PROMPT » When you reach a picture, pass over it; otherwise repeat the listing word for word.

DATA »

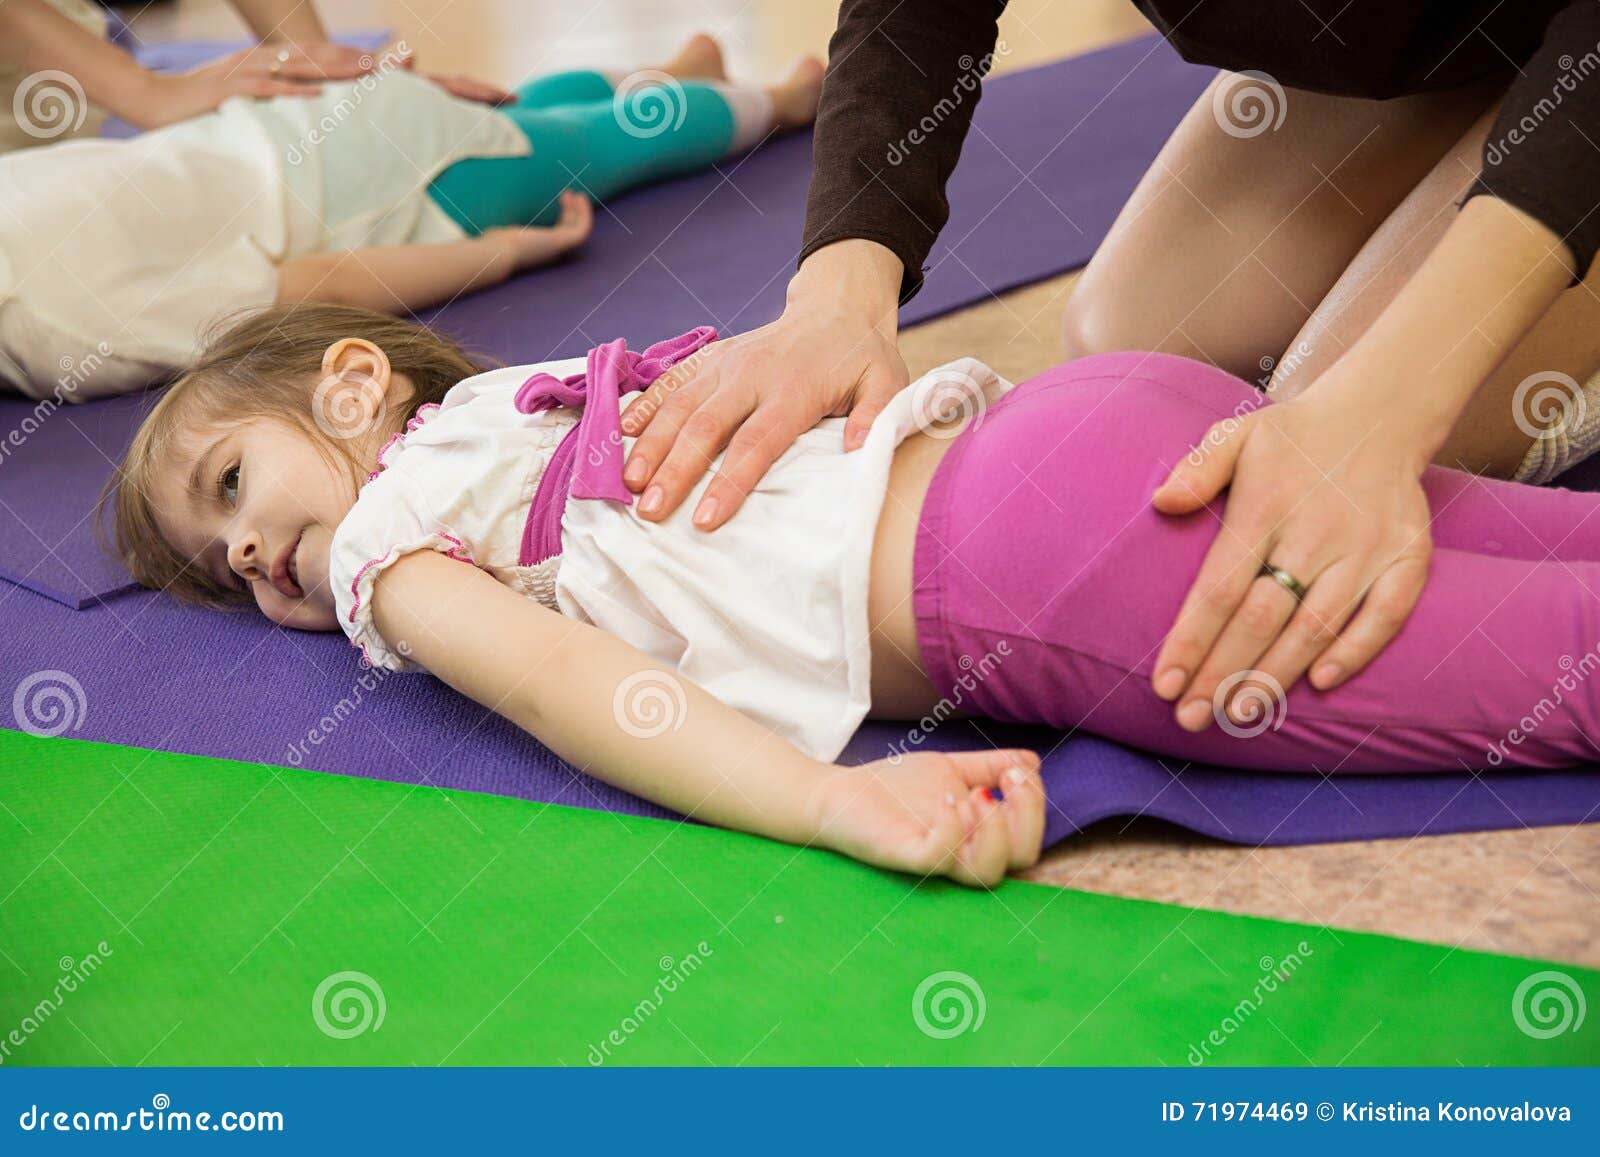 bonnie belton add photo mom and daughter massage
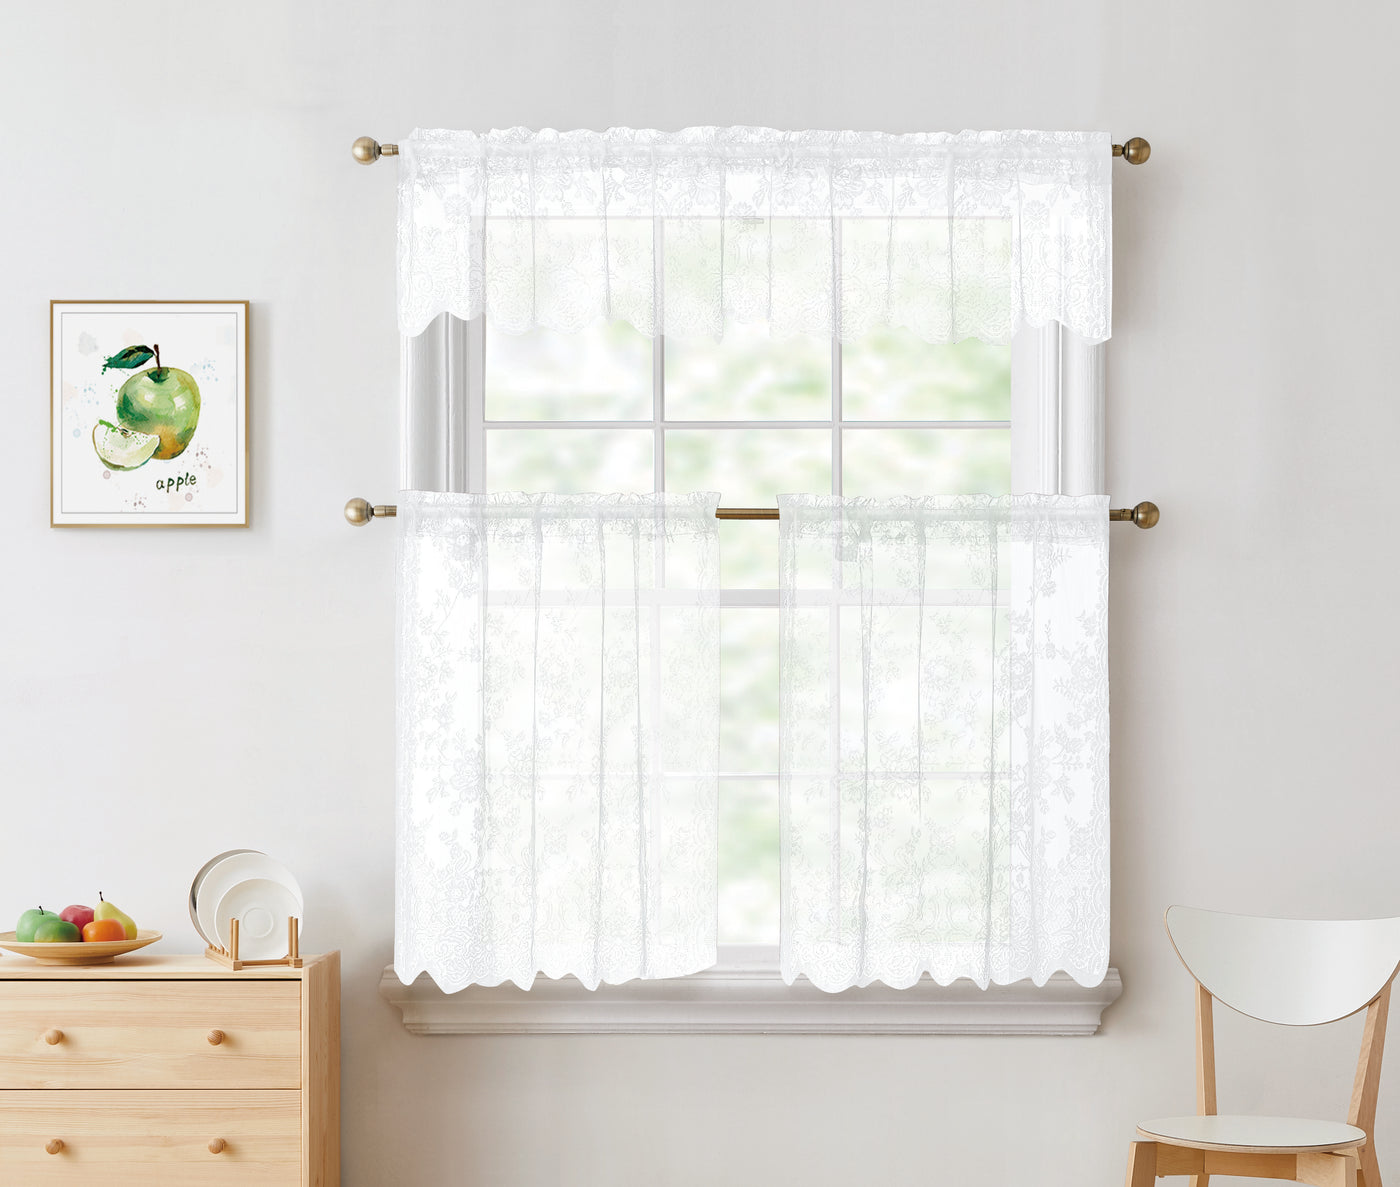 3pc Alison Sheer Flower Floral Lace Rod Pocket Curtain Panel Window Treatment Set | Jenin Home Furnishing.
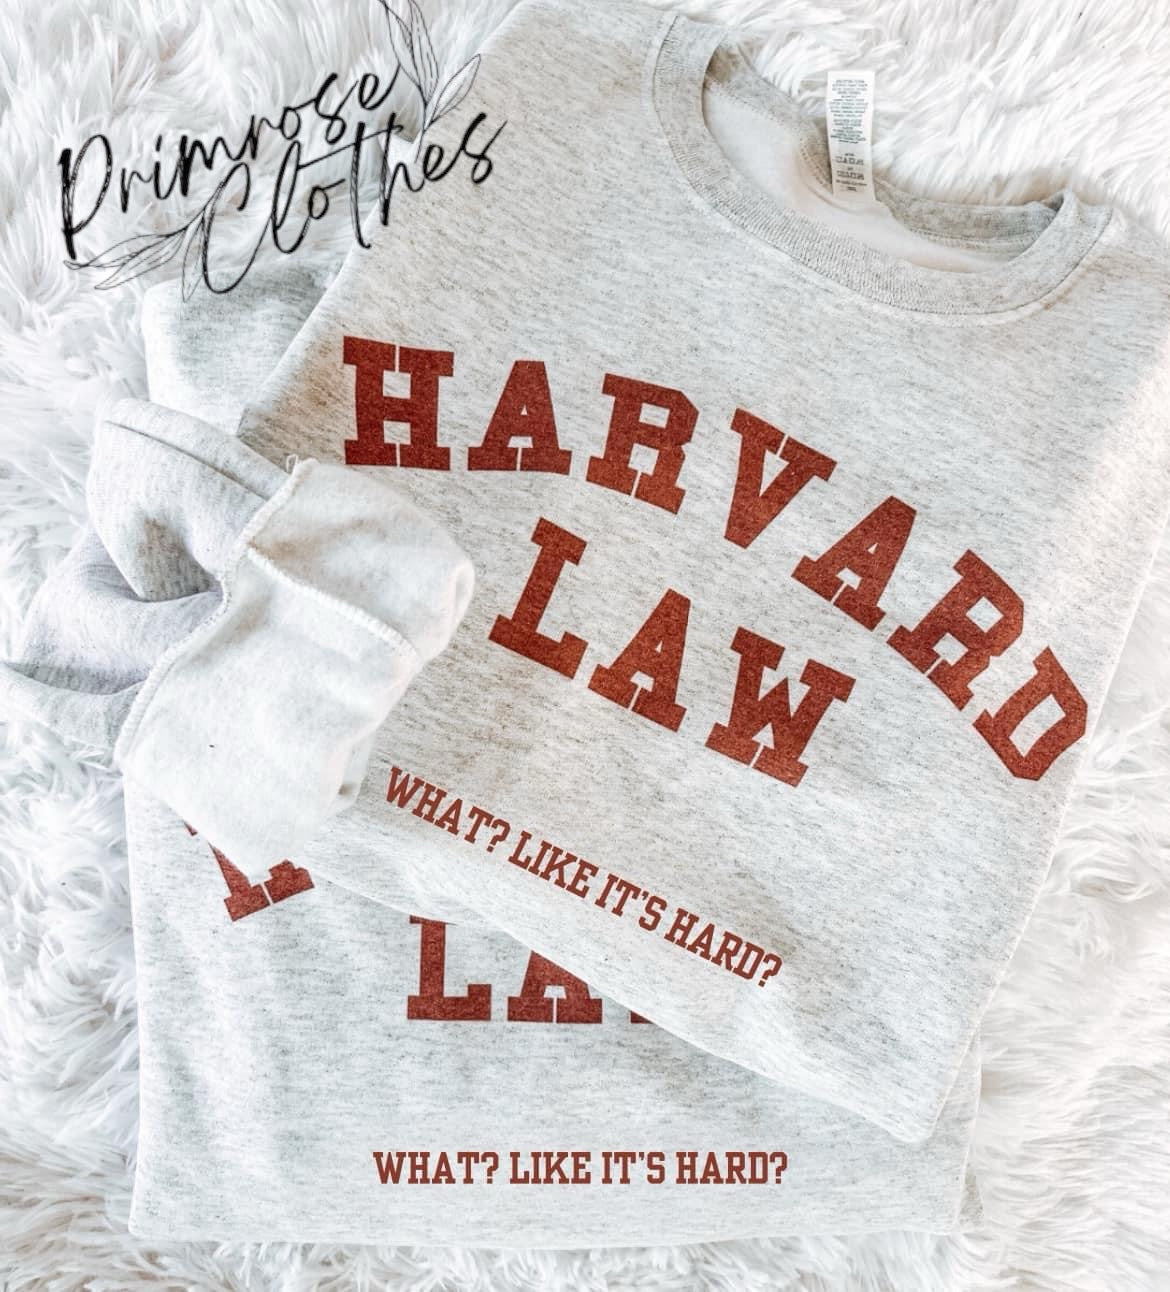 Harvard Law

SOLUTION TO THIS EXERCISE »
 bonnie belton add photo mom and daughter massage
 3pc Alison Sheer Flower Floral Lace Rod Pocket Curtain Panel Window Treatment Set | Jenin Home Furnishing.
 Harvard Law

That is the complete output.